Menurut Ubedillah, temuan OCCRP sama dengan laporan yang disampaikannya terkait dugaan korupsi Jokowi ke KPK. "Kenapa kami datang lagi ke sini? Karena ada konfirmasi yang cukup kuat dari laporan OCCRP itu," katanya.
Ubedillah sempat membacakan laporan yang disampaikan ke KPK terutama kepada Ketua KPK, Setyo Budiyanto. Dia meminta agar lembaga antirasuah segera mengusut tuntas dugaan KKN dan TPPU yang dilakukan Jokowi dan keluarganya.
Ubedillah menegaskan pengusutan perlu dilakukan karena semua warga negara sama di mata hukum seperti yang tertuang dalam Pasal 27 ayat 1 UUD 1945. "Atas dasar itu, kami bermaksud mengingatkan kembali kepada KPK agar dalam penegakan hukum untuk memberantas korupsi tidak tebang pilih, tidak tumpul ke atas dan tajam ke bawah".

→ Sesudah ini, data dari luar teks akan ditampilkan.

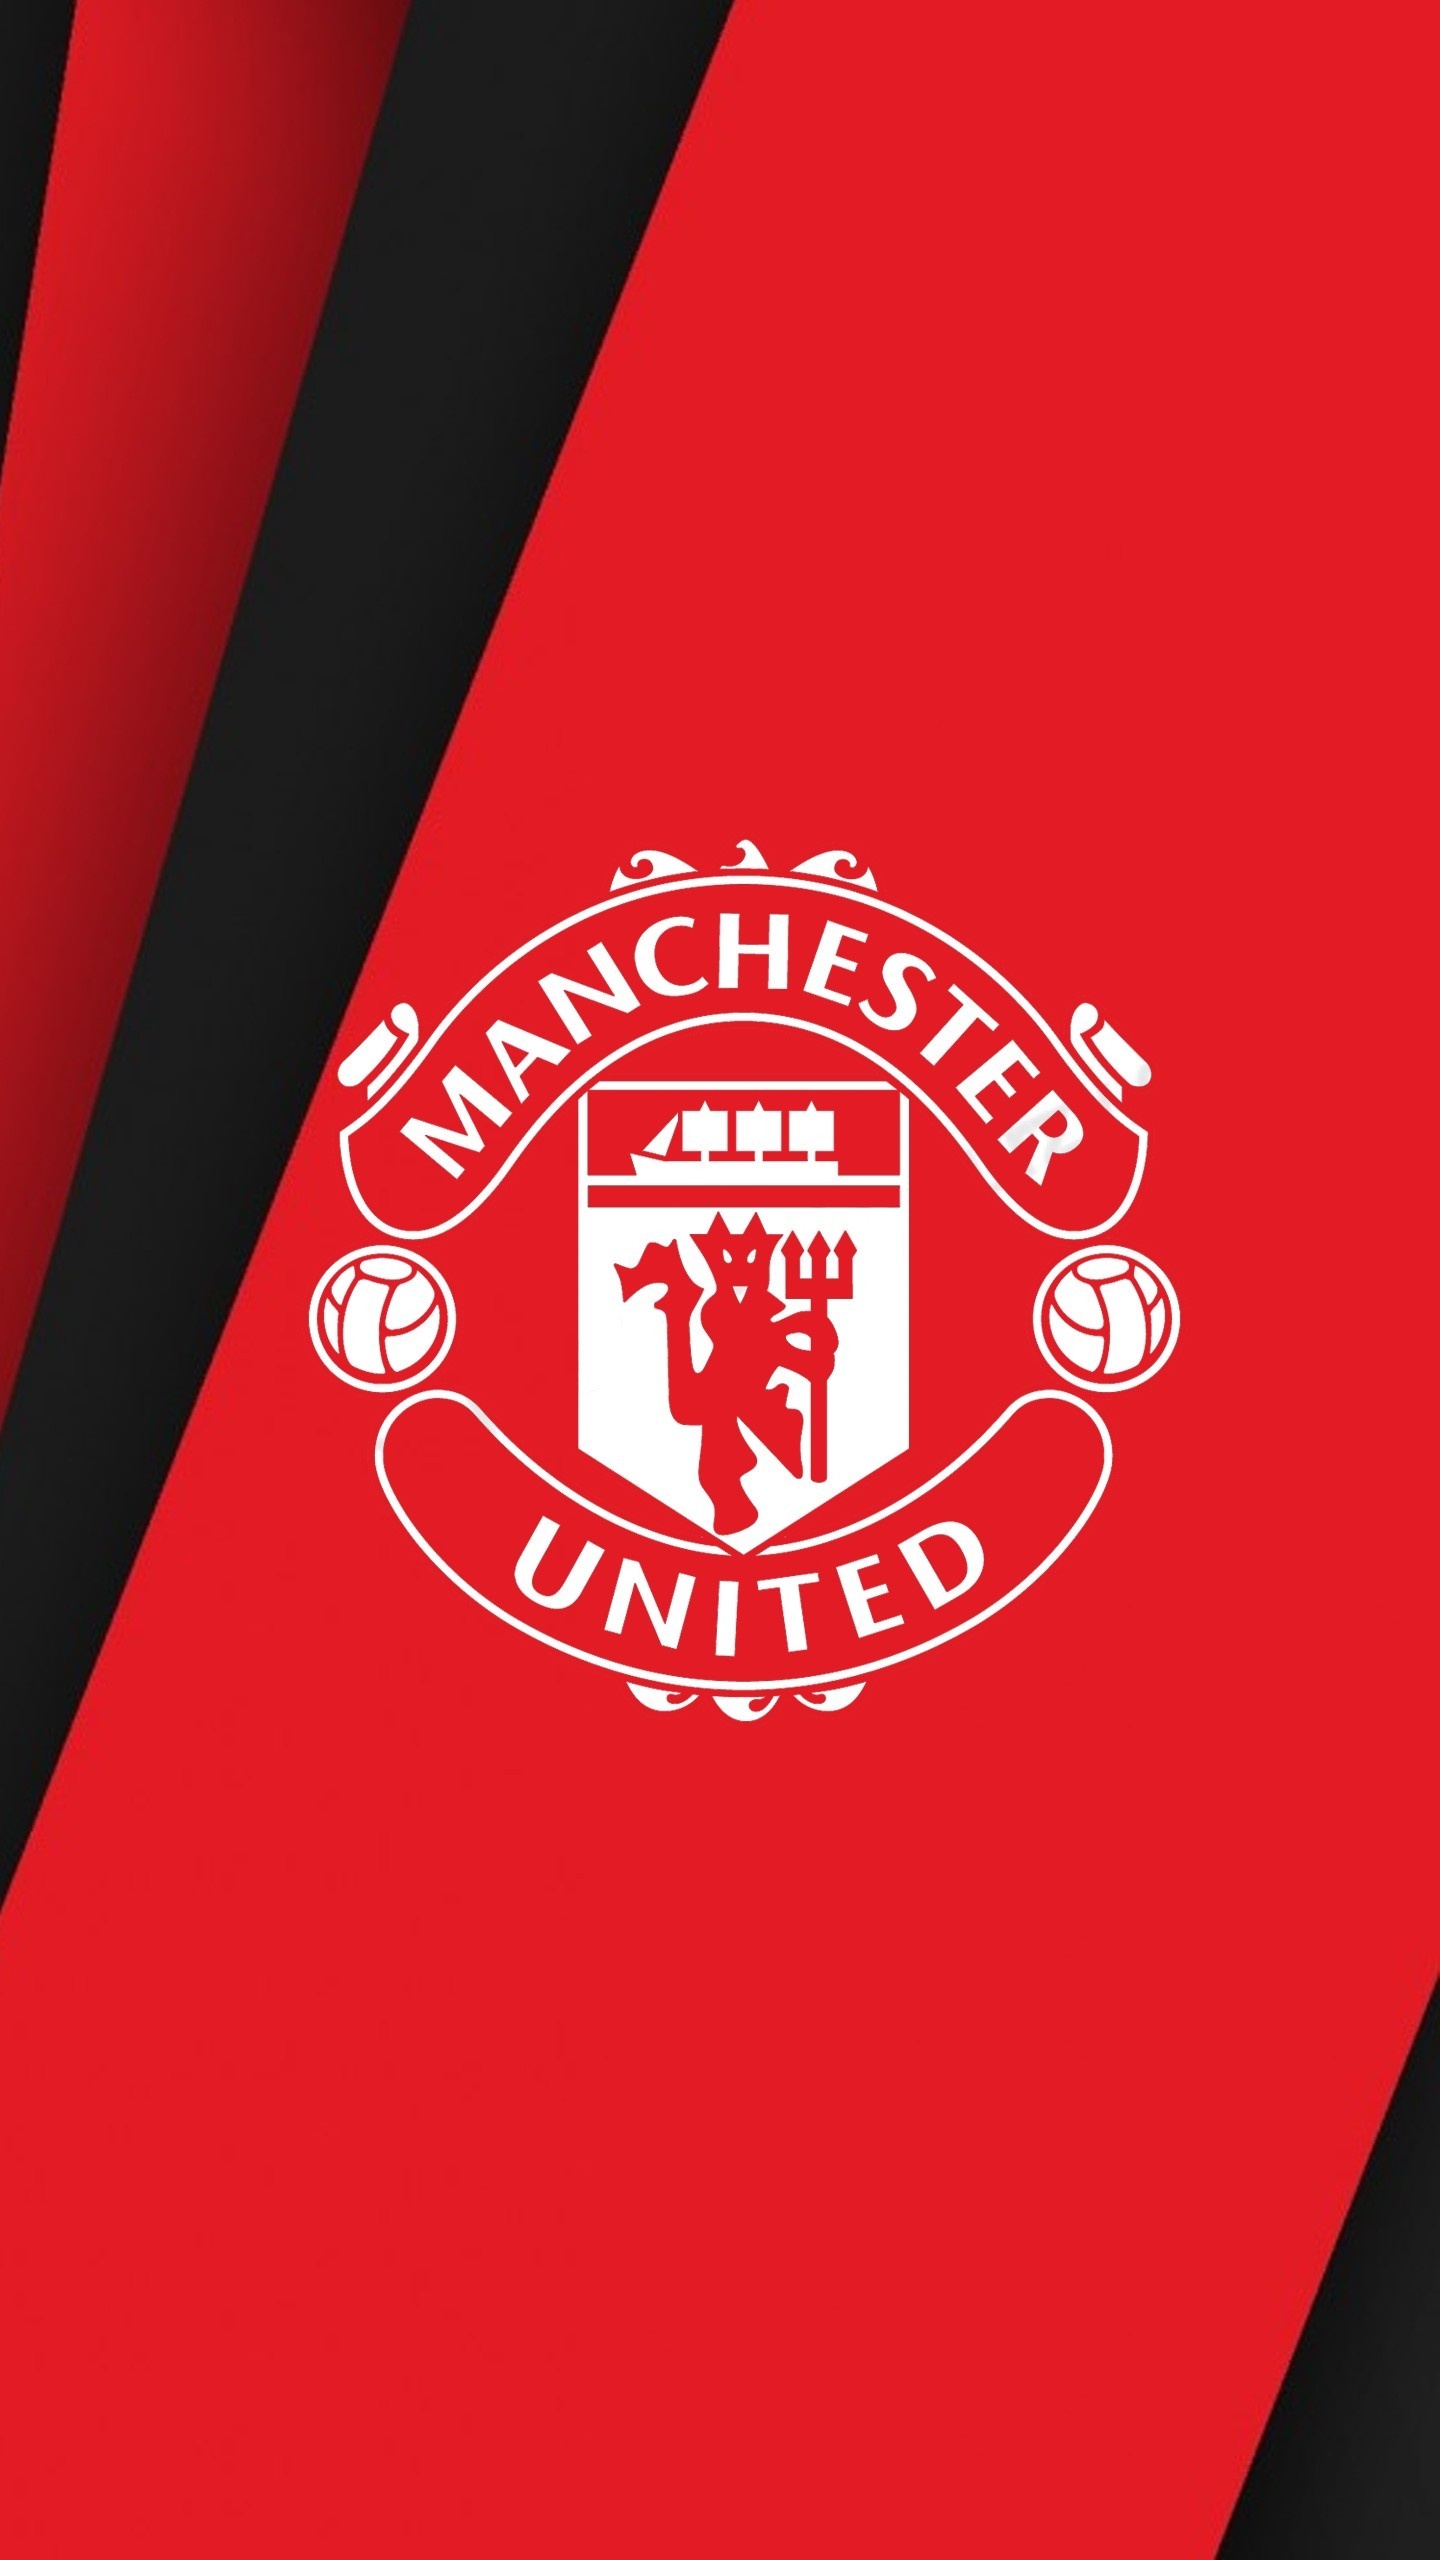 Manchester United: The club started the 1892–93 season in the Football League First Division. 1440x2560 HD Background.

"Semua sama di mata hukum termasuk Jokowi dan keluarganya. Bahwa KPK berdasarkan undang-undang bahwa dalam menjalankan tugas dan wewenangnya, KPK berasaskan kepada kepastian hukum, keterbukaan, akuntabilitas, kepentingan umum, proporsionalitas, dan penghormatan hak asasi manusia," tegasnya.